**Data section**

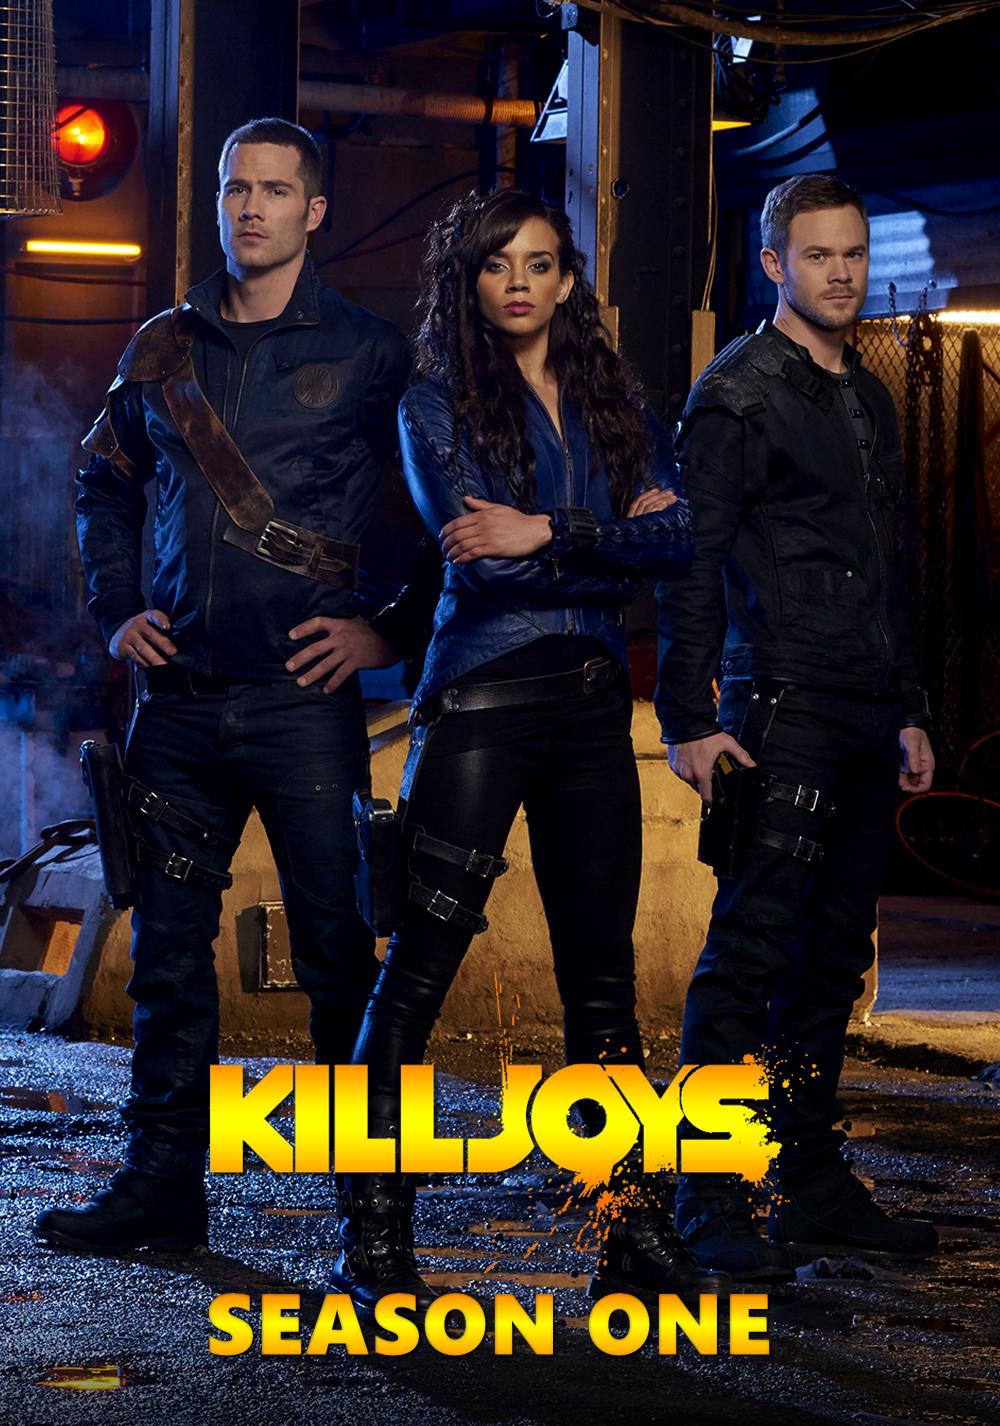 Killjoy Serie
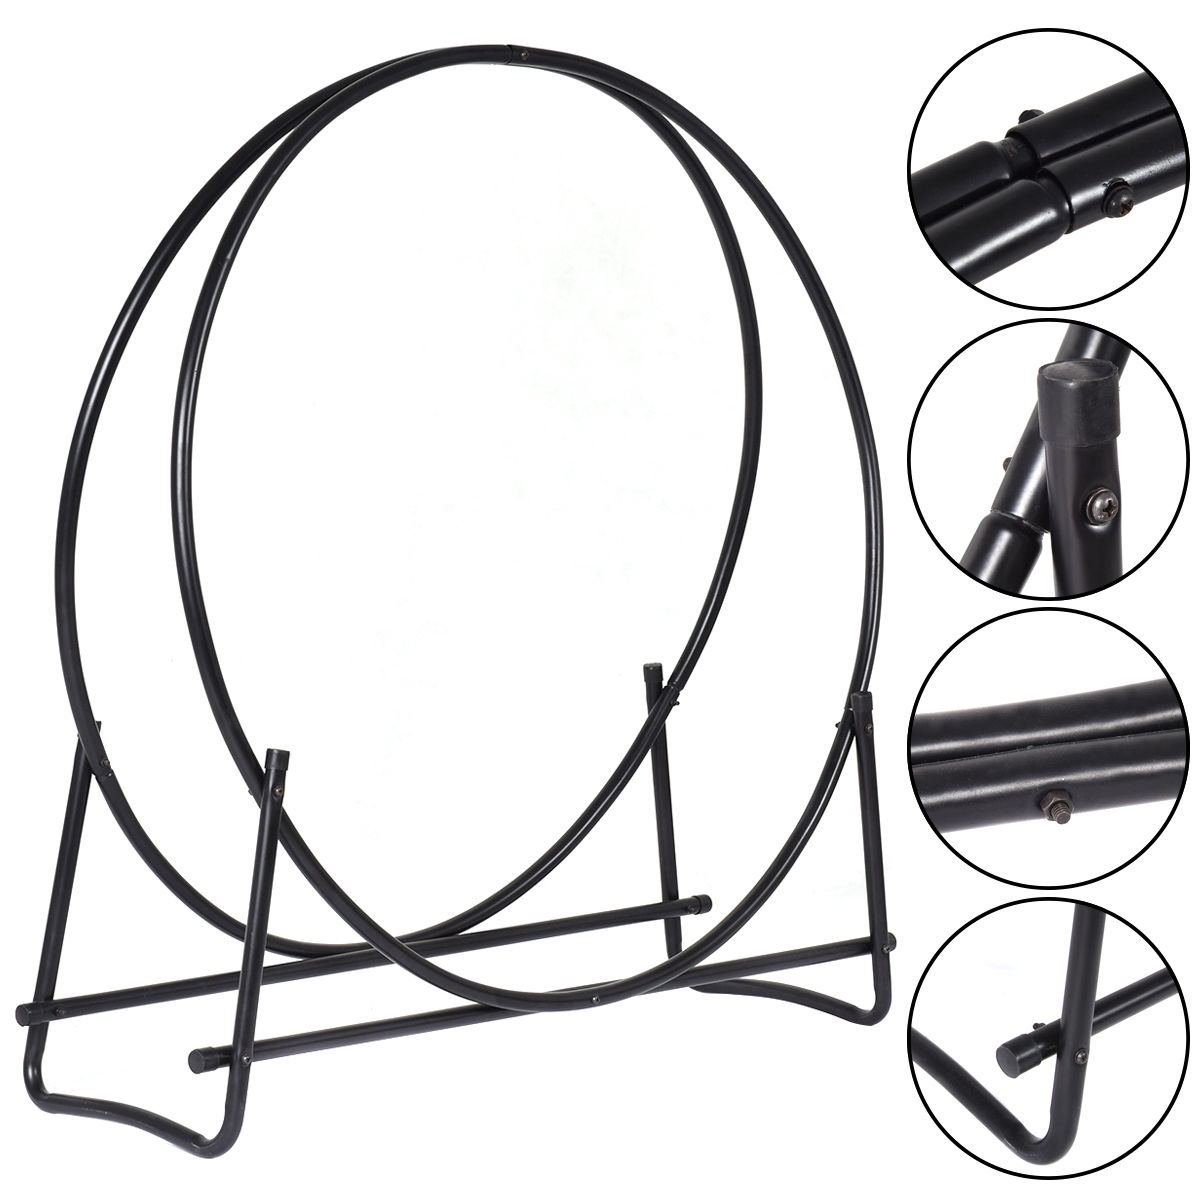 MasterPanel - 40-Inch Tubular Steel Log Hoop Firewood Storage Rack Holder Round Display #TP3284
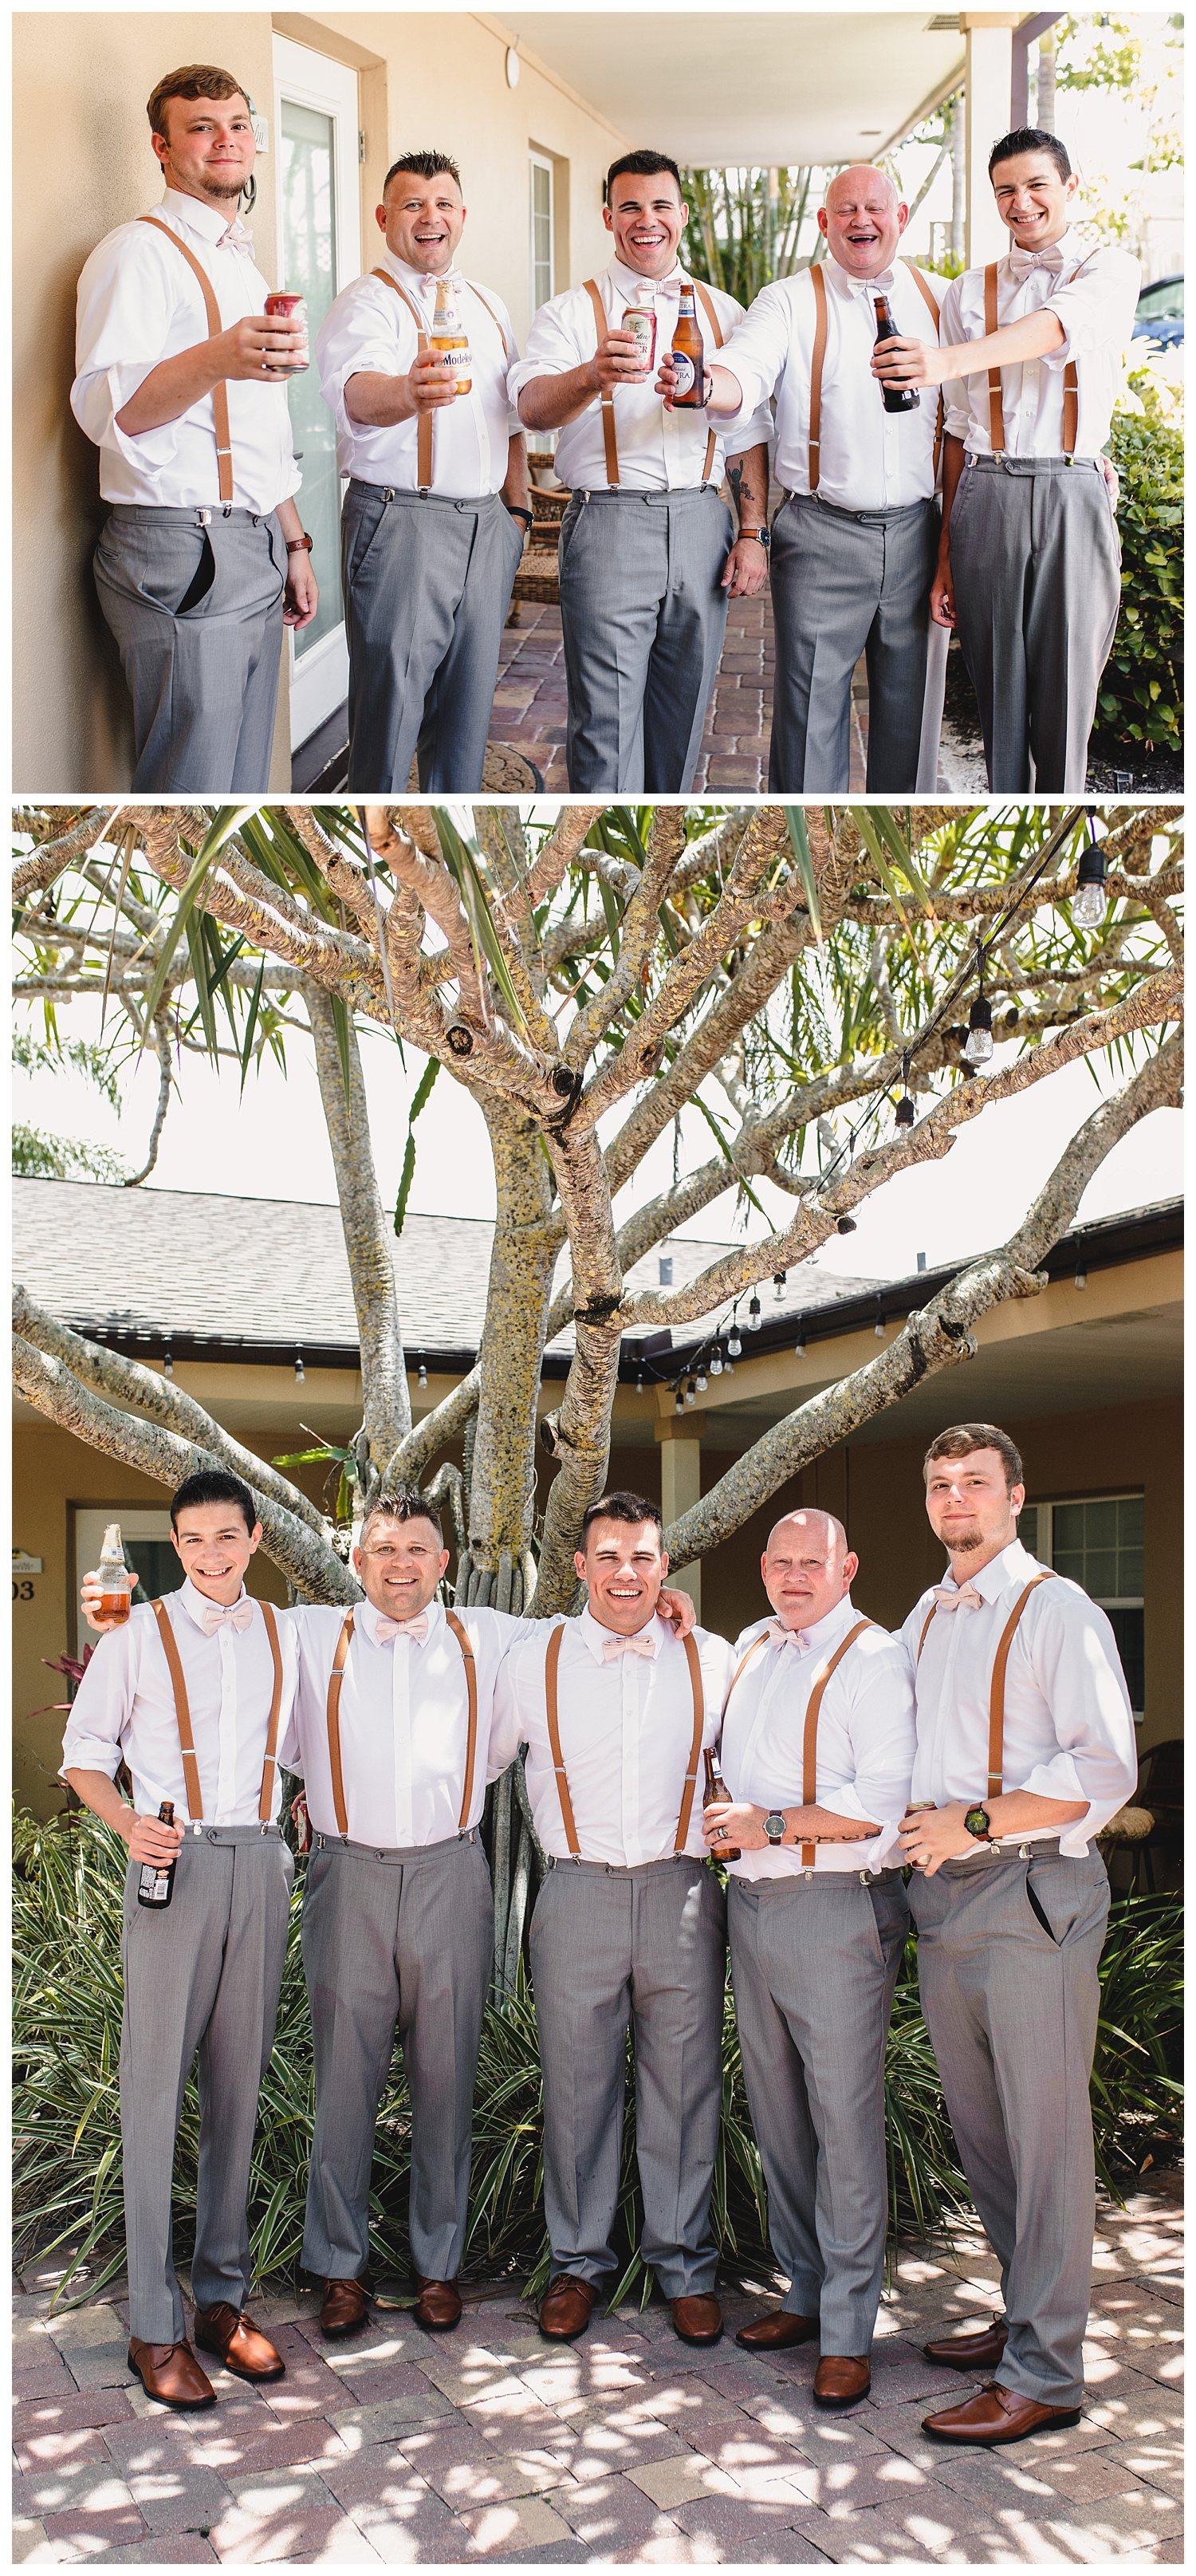 Kelsey_Diane_Photography_Destination_Wedding_Sarasota_Florida_Beach_Wedding_Alex_Austin_0614.jpg
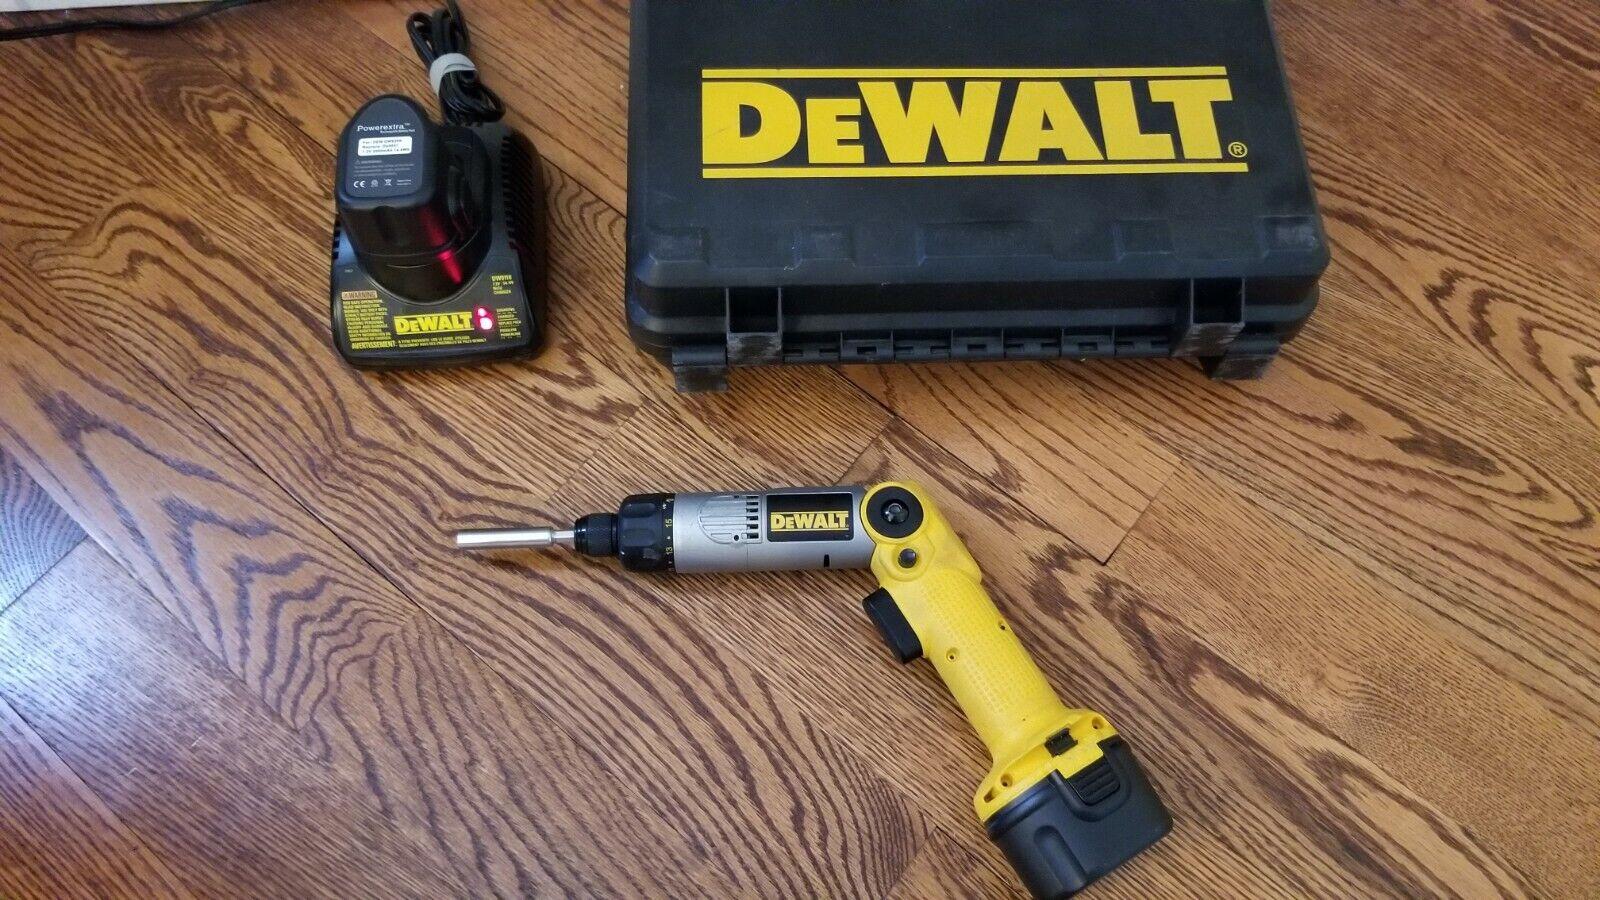 Dewalt 7.2 cordless screwdriver 2007 nissan altima headlight bulb replacement
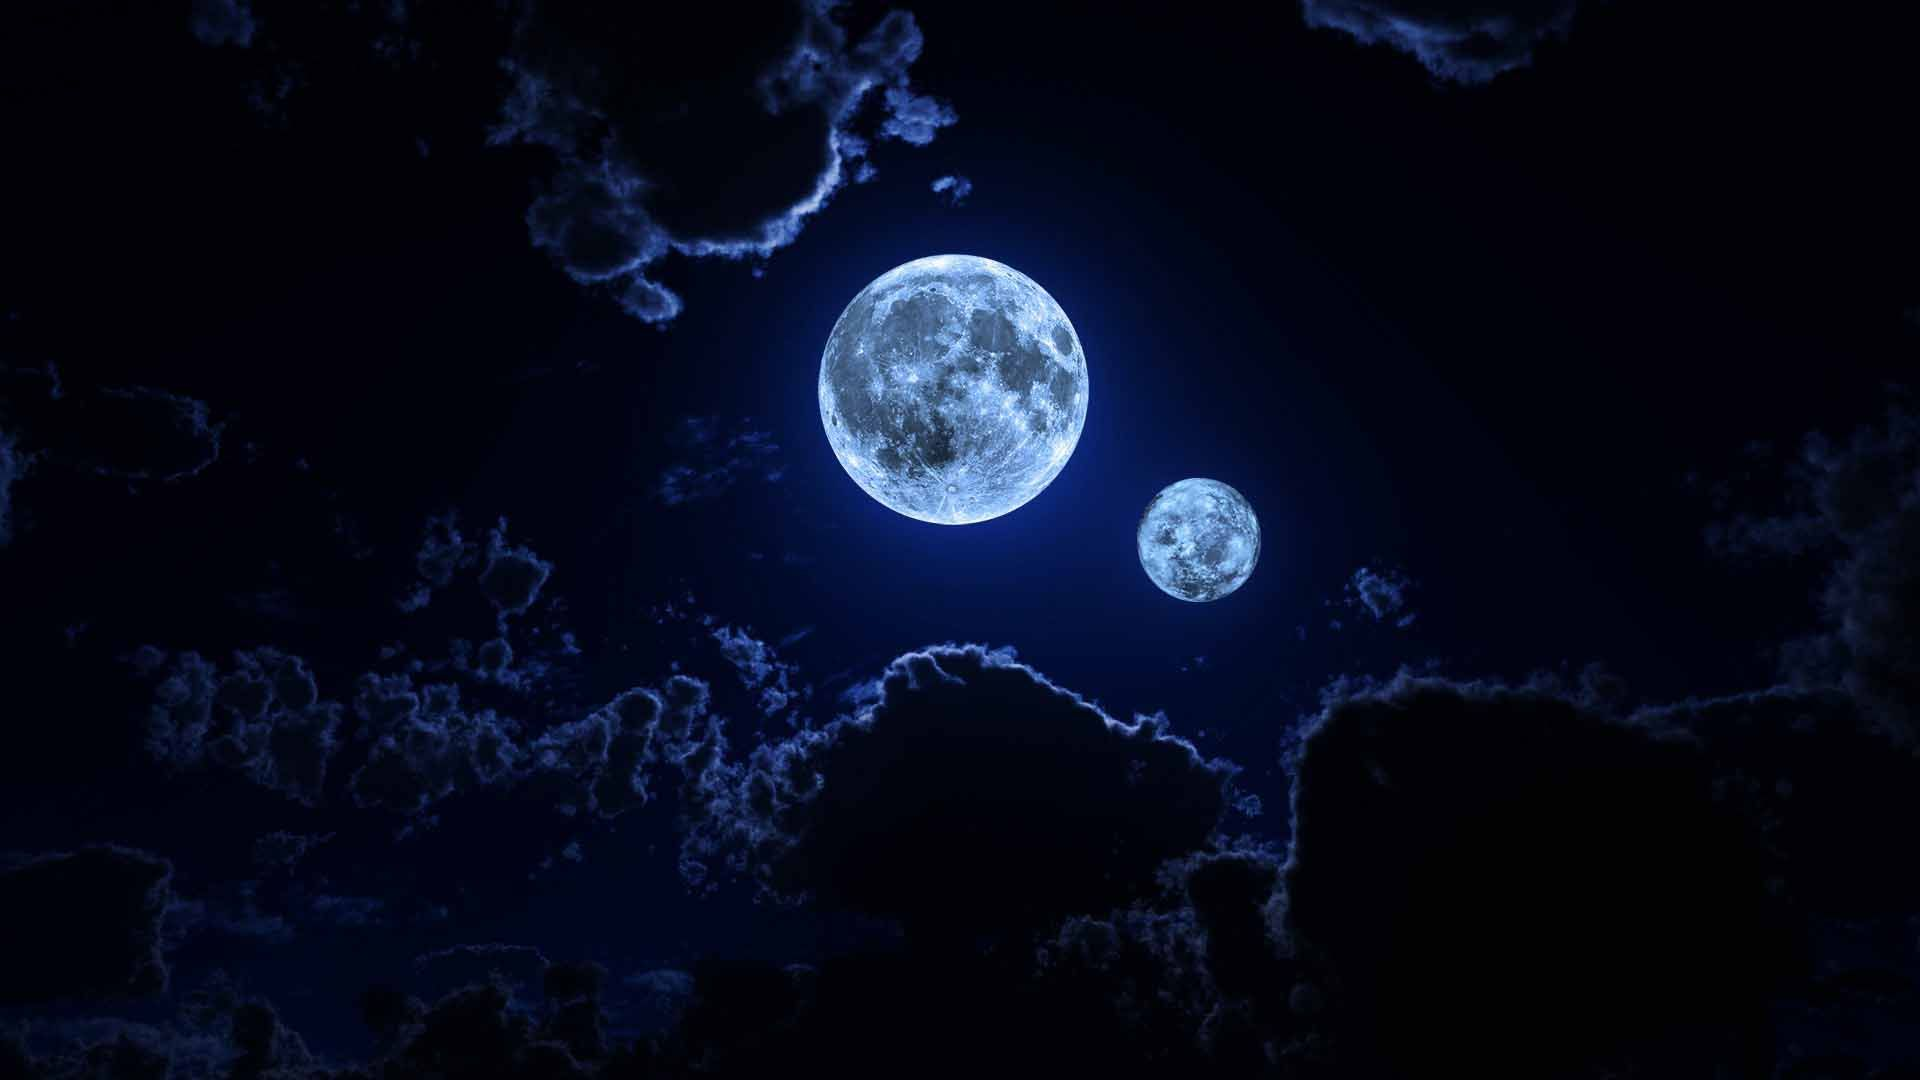 Amazing Night Sky Wallpaper #6770172

**What to produce**
What the task needs is the material above repeated exactly, pictures excepted.

**Your response**
 Killjoy Serie
 MasterPanel - 40-Inch Tubular Steel Log Hoop Firewood Storage Rack Holder Round Display #TP3284
 Kelsey_Diane_Photography_Destination_Wedding_Sarasota_Florida_Beach_Wedding_Alex_Austin_0614.jpg
 Dewalt 7.2 cordless screwdriver 2007 nissan altima headlight bulb replacement
 Amazing Night Sky Wallpaper #6770172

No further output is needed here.